> [DATA EXCERPTS]
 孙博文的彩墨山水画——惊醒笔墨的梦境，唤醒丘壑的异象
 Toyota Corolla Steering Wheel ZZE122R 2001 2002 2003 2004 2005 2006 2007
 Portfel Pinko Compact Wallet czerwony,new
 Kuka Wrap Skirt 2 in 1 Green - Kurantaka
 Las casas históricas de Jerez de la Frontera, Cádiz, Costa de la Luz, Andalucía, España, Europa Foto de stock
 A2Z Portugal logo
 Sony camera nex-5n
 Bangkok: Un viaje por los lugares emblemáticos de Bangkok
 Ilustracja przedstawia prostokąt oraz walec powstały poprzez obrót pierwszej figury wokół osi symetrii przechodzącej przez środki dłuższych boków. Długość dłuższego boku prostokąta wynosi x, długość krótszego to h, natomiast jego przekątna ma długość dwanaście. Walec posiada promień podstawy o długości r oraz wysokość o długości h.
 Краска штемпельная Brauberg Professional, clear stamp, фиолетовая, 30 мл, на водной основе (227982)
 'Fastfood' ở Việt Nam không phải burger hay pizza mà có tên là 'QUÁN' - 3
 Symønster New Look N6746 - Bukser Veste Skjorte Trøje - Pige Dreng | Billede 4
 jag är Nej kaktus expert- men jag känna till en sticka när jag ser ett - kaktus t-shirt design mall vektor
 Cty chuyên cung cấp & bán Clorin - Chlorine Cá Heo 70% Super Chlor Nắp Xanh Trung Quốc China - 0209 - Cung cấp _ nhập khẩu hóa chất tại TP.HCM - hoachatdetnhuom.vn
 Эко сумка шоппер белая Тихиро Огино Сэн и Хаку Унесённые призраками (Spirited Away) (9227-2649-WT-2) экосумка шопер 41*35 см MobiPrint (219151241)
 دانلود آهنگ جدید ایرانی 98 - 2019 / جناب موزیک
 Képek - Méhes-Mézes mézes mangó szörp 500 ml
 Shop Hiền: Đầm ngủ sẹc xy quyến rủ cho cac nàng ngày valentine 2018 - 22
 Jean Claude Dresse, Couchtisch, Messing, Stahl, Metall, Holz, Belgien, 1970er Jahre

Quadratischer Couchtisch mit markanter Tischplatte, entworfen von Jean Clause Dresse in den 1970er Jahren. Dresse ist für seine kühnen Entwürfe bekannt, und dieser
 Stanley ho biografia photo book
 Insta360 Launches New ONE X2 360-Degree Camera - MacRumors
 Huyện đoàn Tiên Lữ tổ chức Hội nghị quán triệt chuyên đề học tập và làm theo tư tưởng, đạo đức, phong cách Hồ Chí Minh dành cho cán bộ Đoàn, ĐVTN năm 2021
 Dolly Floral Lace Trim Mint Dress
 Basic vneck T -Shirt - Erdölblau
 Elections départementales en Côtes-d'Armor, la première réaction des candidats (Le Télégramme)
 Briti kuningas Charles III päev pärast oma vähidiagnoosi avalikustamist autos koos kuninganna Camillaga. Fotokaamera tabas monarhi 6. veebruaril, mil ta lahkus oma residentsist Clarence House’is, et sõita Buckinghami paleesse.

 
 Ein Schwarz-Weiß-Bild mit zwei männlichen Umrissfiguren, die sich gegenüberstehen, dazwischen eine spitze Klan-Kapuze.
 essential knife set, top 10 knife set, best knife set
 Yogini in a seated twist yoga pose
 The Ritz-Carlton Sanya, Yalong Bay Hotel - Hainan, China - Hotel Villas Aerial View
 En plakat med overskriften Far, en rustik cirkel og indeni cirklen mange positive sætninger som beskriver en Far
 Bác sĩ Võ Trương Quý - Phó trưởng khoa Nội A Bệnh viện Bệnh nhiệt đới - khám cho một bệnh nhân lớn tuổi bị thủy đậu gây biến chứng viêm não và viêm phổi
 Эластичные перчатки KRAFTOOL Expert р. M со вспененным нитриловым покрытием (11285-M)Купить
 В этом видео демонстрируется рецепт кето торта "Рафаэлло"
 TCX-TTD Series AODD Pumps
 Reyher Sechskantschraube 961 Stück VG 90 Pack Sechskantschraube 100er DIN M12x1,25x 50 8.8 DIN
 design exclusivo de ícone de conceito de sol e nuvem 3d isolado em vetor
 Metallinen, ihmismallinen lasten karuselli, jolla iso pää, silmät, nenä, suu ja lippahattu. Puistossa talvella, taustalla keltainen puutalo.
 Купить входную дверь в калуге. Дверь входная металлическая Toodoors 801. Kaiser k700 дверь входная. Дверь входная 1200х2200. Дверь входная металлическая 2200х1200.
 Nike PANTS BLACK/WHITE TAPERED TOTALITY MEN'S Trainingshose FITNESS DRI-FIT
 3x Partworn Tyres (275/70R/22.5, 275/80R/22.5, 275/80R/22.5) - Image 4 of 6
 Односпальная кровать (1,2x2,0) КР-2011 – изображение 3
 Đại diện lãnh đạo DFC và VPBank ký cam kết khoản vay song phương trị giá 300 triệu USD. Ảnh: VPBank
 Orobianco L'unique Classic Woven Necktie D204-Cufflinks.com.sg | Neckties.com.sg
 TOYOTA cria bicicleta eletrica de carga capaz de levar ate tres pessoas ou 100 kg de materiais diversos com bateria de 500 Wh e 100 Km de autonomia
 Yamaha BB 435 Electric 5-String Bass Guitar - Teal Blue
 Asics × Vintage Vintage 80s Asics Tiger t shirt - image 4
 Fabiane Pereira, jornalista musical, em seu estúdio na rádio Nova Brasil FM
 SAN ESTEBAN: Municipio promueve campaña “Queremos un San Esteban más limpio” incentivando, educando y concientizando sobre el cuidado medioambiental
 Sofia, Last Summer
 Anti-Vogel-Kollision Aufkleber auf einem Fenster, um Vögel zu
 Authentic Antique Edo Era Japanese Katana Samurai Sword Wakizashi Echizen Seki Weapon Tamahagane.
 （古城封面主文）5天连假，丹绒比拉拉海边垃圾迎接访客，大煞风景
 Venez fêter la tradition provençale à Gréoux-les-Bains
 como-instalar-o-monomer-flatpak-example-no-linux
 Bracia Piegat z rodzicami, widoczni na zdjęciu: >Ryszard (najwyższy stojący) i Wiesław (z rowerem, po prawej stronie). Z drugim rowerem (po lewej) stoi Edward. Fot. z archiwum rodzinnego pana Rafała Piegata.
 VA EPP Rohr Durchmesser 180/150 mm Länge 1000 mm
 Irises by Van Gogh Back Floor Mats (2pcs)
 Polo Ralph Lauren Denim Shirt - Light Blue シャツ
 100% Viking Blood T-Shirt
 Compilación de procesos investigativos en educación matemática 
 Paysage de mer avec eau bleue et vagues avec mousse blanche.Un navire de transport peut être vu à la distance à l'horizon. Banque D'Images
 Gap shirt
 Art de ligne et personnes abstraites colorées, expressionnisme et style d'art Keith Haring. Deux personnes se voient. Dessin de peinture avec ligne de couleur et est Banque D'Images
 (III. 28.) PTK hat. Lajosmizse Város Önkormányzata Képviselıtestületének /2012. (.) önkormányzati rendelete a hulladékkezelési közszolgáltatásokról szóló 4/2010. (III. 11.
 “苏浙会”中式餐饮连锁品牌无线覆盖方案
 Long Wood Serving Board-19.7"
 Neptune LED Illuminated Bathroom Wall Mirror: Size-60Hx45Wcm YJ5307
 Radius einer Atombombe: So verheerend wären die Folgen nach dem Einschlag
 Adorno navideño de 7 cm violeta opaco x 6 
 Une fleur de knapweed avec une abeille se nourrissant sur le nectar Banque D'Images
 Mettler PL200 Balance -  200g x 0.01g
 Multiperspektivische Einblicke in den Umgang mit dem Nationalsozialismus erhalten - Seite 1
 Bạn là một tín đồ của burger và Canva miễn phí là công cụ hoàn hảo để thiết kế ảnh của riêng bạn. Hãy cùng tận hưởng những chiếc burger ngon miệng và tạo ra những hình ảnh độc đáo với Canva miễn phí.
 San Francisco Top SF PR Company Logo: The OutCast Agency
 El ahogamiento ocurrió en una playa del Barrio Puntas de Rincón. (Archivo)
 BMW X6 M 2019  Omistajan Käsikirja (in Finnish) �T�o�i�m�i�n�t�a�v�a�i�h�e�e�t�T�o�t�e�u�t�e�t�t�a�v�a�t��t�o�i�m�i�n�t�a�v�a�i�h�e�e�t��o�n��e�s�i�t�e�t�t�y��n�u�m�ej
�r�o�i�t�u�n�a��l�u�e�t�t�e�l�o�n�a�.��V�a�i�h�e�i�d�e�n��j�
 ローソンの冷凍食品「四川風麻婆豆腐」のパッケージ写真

> [AIM OF THE TASK] Where a line of the records holds the word "Blue", copy that line.

> [ANSWER SPACE]
 Yamaha BB 435 Electric 5-String Bass Guitar - Teal Blue
 Polo Ralph Lauren Denim Shirt - Light Blue シャツ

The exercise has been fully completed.